We own a 2 story duplex [back at home]. They were interested in a renter who lived upstairs. There is no connection to our part of the house.
The only thing they found on him was a small amount of heroin. They kept the rest of the tenants in handcuffs while they searched the entire property, and supposedly found a “pipe bomb” which turned out to be an empty pipe! So we rush home and our tenant is out of jail before we even make it home.
3. Grandma Bully
This was back in 2003. My sister and I (ages 11 and 10) were sent on a highly anticipated and extremely rare vacation to visit our distant father and grandparents in Florida while our parents moved our household from WI to VT. We were supposed to have six beautiful, uninterrupted weeks with our Daddy. Stoked.
This trip lasted a week. During that week, my grandmother felt it necessary to bully my sister and I for choices ranging from not wearing our hair in braids to our desire to get the fifth Harry Potter book on the release date. She even criticized our desire to talk to our mother EVERY DAY, despite our father being four days late showing up.
Once he did show up, all hell managed to break loose. We could not understand why they needed to be so nasty to us and talk shit about our beloved mother to us, expecting us to join in. We didn’t. The trip ended with him threatening to leave us with CPS unless my mother picked us up THAT DAY. She ended up having to take a bus there to fetch us and we had to bus all the way back to VT.

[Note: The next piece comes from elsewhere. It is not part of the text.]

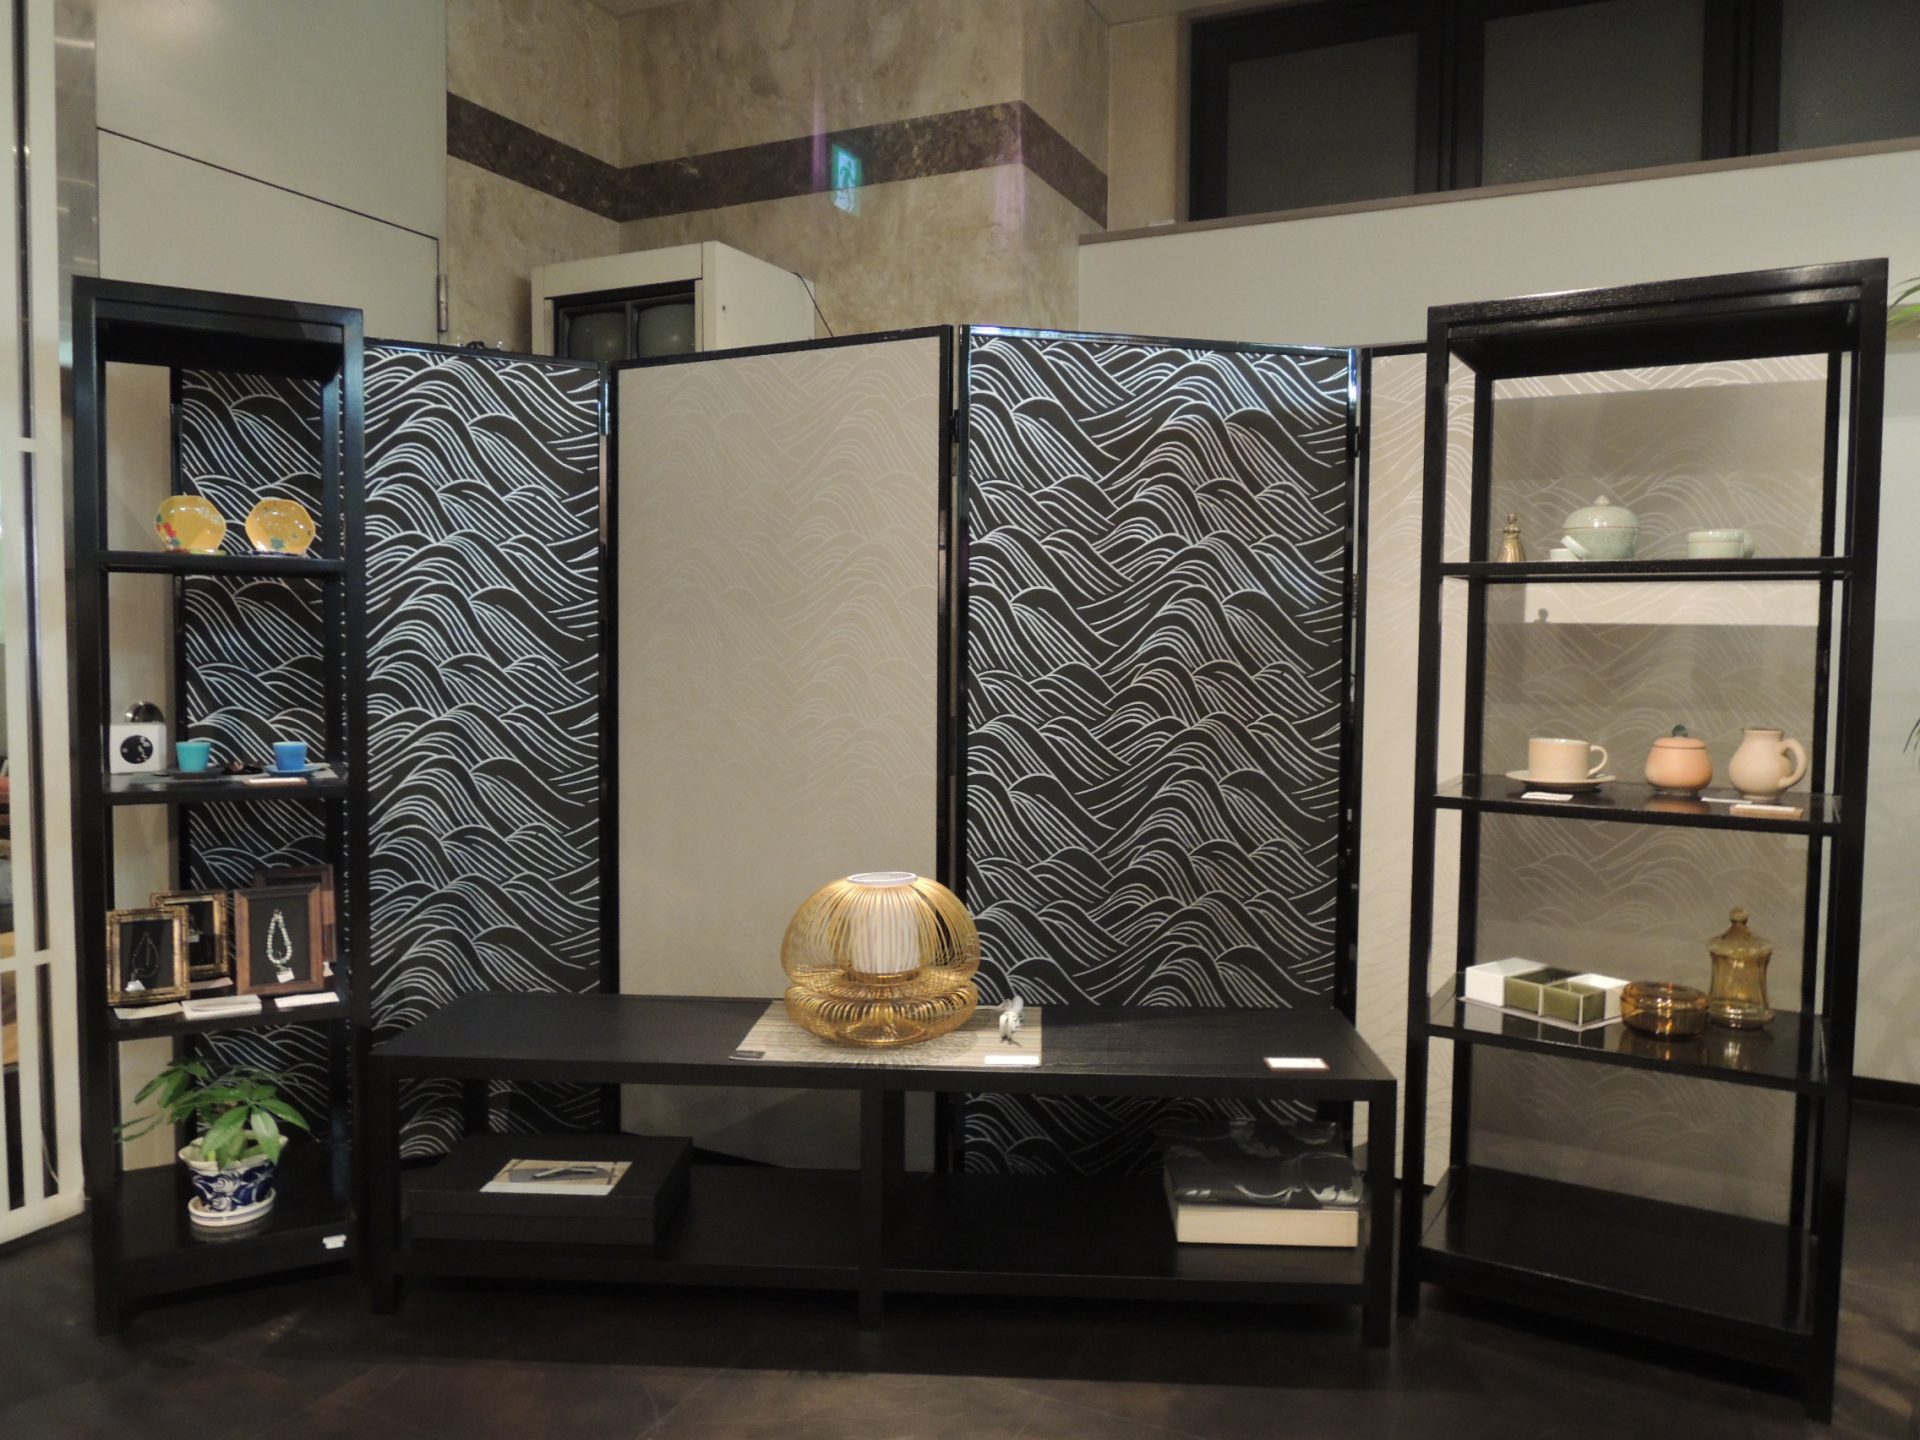 「京唐紙」を使用した屏風と襖をインテリアにアクセントに。大阪マルキン家具で展示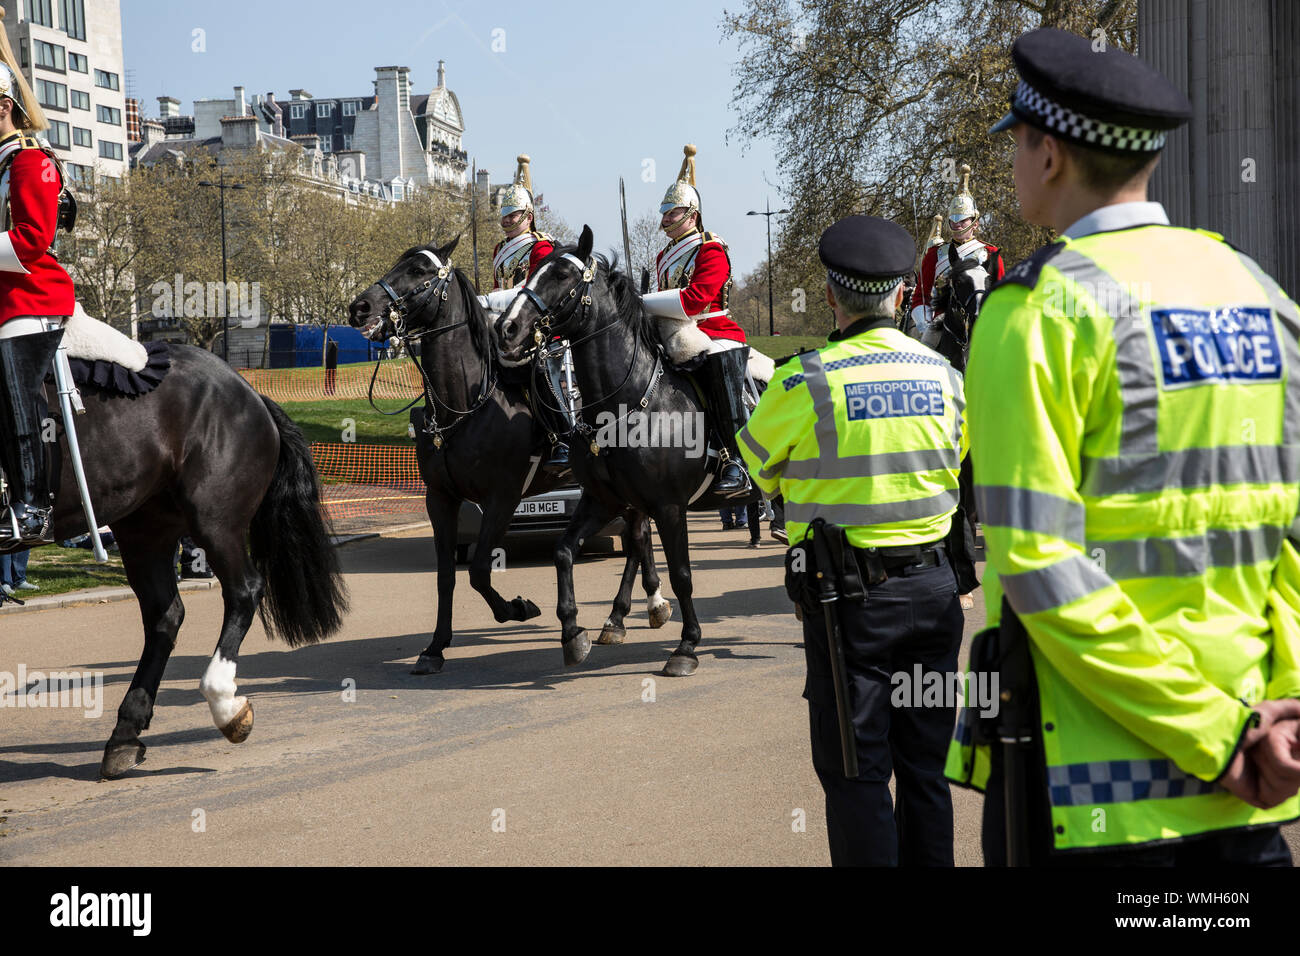 Aussterben Rebellion Demonstranten versammeln sich in Hyde Park Corner weiterhin das Klima Protest durch Marble Arch versammeln in Piccadilly Circus, Großbritannien Stockfoto

We didn’t end up speaking to our father again for over five years, and we both consider ourselves estranged from the family now.
It’s all good though; Mama showed up with the fifth Harry Potter book for us to read on the way home!
4. Strip Club Hotel
When I was a child, my parents were fans of spontaneous weekend road trips. Friday after school, my parents packed the coolers, loaded the car and we were off. This was a time before cell phones, and no reservations had been made at any hotel. They had done this with us many times before and had no problem finding a place to stay during our trip.
11pm we arrive at our first stop, we are roughly 2 hours from home. No vacancies at any hotels. My mom asks the lady running the front deak of the 5th hotel we inquired into if there are any motels. THERE IS!! 10 minutes down the road and always have vacancies. My mom recalled a wink… My dad denied any winking. It is to be assumed she thought my dad was looking for a spot to hook up with my mother, my brother and I were waiting in the car.
This motel was connected to a strip club and had “hourly rates available”… I remember my mom screaming at us not to touch the walls or pull down the blankets! We did not stay for our complimentary breakfast. Thankfully, the rest of our mini weekend vacation ran smoothly staying at hotels with pools and clean bed sheets. I enjoy bringing up our motel stay just to watch my mom roll her eyes.
My dad had wanted to take us to the beach a weekend my mom had gone to work, my dad is a cheap man. He pulled up to a gas station, told us to get out and follow him around the gas station to where there was a steep hill that ran into the lake. Across the lake was the beach. My dad wanted my brother and I to swim across the lake to the beach so he wouldn’t have to pay for us to get into the beach and he would meet us there. My brother and I were excellent swimmers and it wasn’t a large lake, but I am petrified of frogs, turtles, fish. It wasn’t an enjoyable swim and I secretly have plotted revenge on my father.